Notre part pour l’accueil des réfugiés

Le 20 mars, l’Union européenne et la Turquie ont signé un accord prévoyant de renvoyer les migrants qui arrivent en Grèce vers la Turquie s’ils ont emprunté cette route. On n’en parle très peu, ce qui se joue là est pourtant très grave. C’est bien d’une remise en cause du droit d’asile qu’il s’agit.

Certains disent que le droit international est respecté parce que les demandes seront examinées individuellement, pourtant il s’agit bien d’organiser l’irrecevabilité de toutes les demandes faites en Grèce. En effet, désormais, tous les migrants qui auront traversé un pays dit « sûr » ou « de premier asile » avant d’atteindre l’Europe devront retourner dans ce pays pour y déposer une demande d’asile.

En l’occurrence, il s’agissait donc de déclarer la Turquie comme « pays tiers sûr », comme l’ont fait les autorités grecques. Cet ajout de la Turquie à la liste des pays sûrs permet un respect formel de l’asile alors que dans les faits, cet accord permet à l’Union européenne de renvoyer tous les réfugiés arrivés en Grèce vers la Turquie, et de lui sous-traiter les demandes d’asile. Les demandes d’asile sont théoriquement toujours possibles dans l’Union européenne, et leur examen sera toujours individuel, mais elles seront désormais massivement irrecevables, puisque l’immense majorité des migrants a déjà transité ou transitera par la Turquie.

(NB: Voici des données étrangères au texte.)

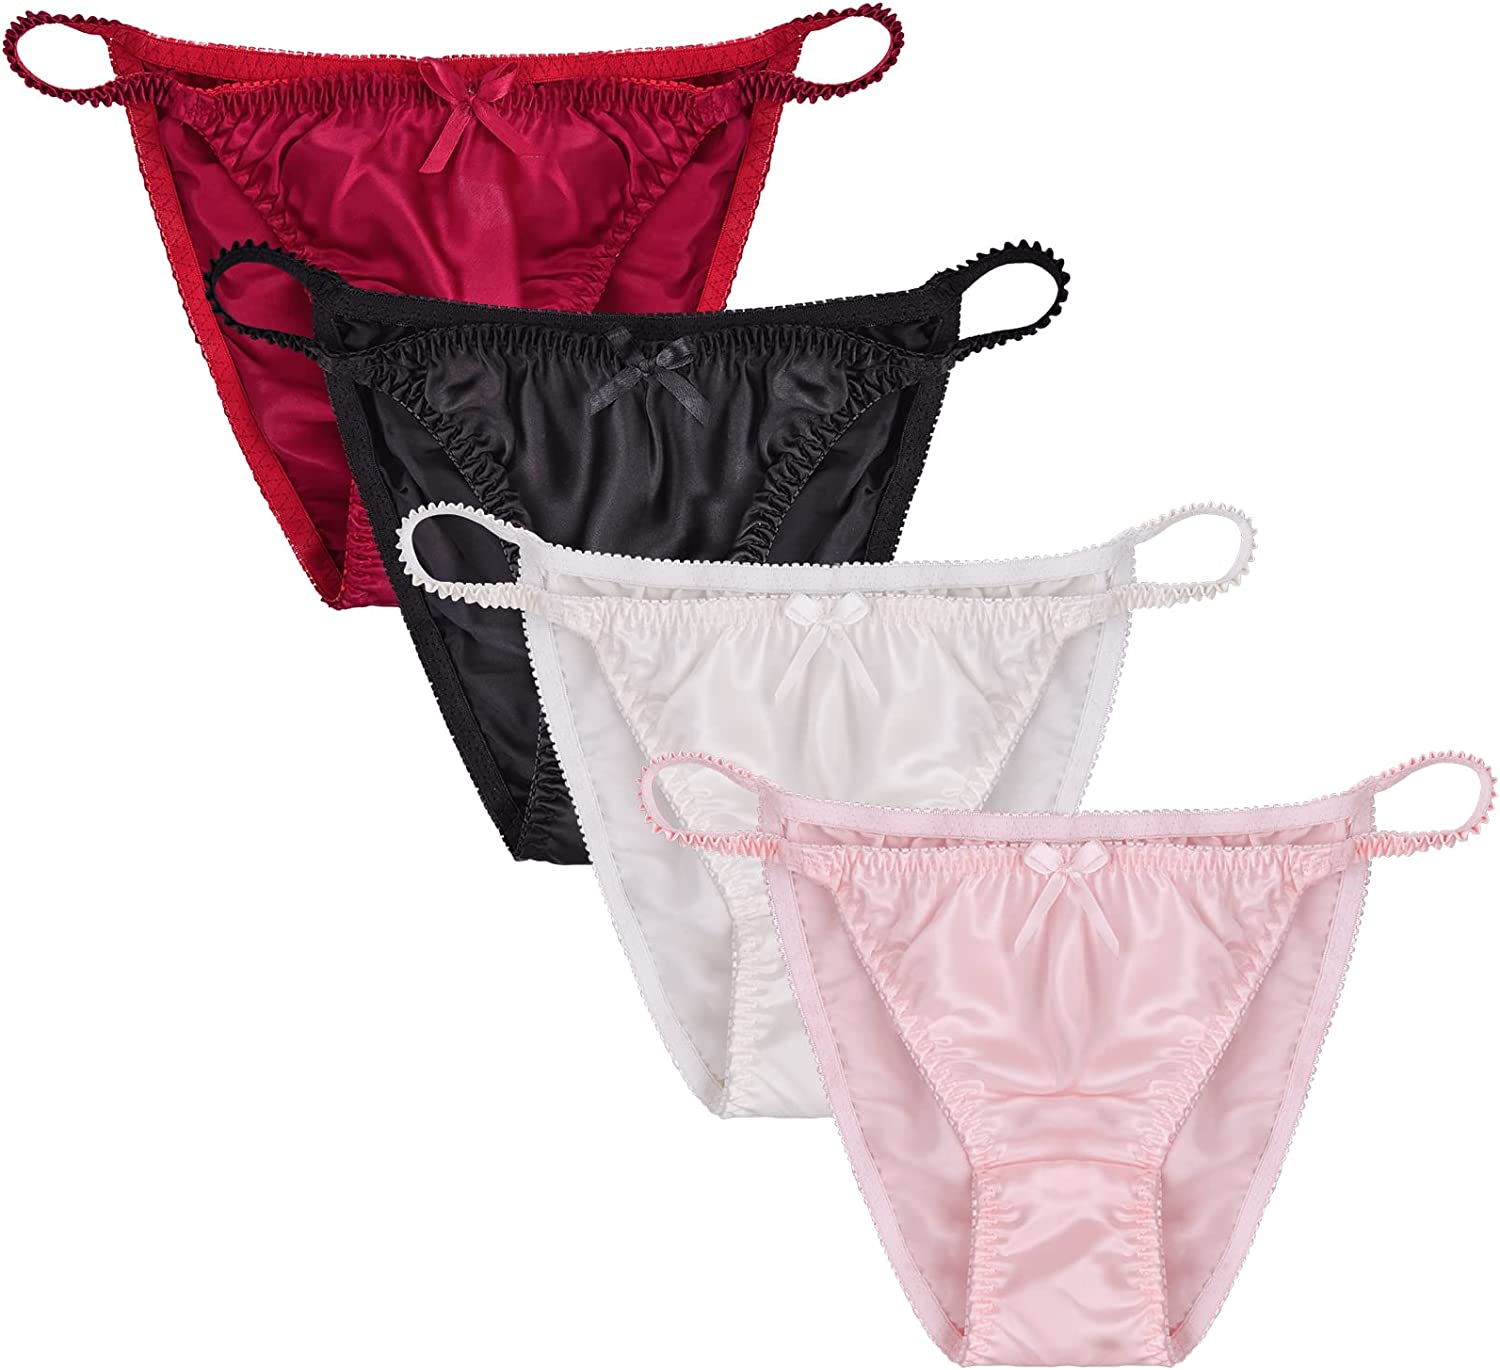  Morvia Variety Panties For Women Pack Sexy Thong

Cet accord est à la fois hypocrite et honteux. Alors même que l’on considère que la Turquie n’est pas digne d’entrer dans l’UE, au nom de la liberté d’expression et des droits humains, on lui sous-traite la gestion des réfugiés. Alors que cette terrible crise humanitaire aurait pu être une occasion de montrer l’utilité de l’Europe, de donner du sens à ce club qui n’en a malheureusement plus guère, la seule chose sur laquelle les Européens semblent pouvoir se mettre d’accord c’est sur le refus d’accueillir ceux qui n’ont pas d’autres choix pour survivre que de quitter la terre où ils sont nés. Pourtant, en France j’ai rencontré de nombreux citoyens qui, quels que soient leurs moyens s’organisent pour que nous prenions notre part pour l’accueil de ces femmes, ces hommes et ces enfants qui fuient des guerres terribles et qui veulent juste pouvoir vivre dans la paix, comme nous.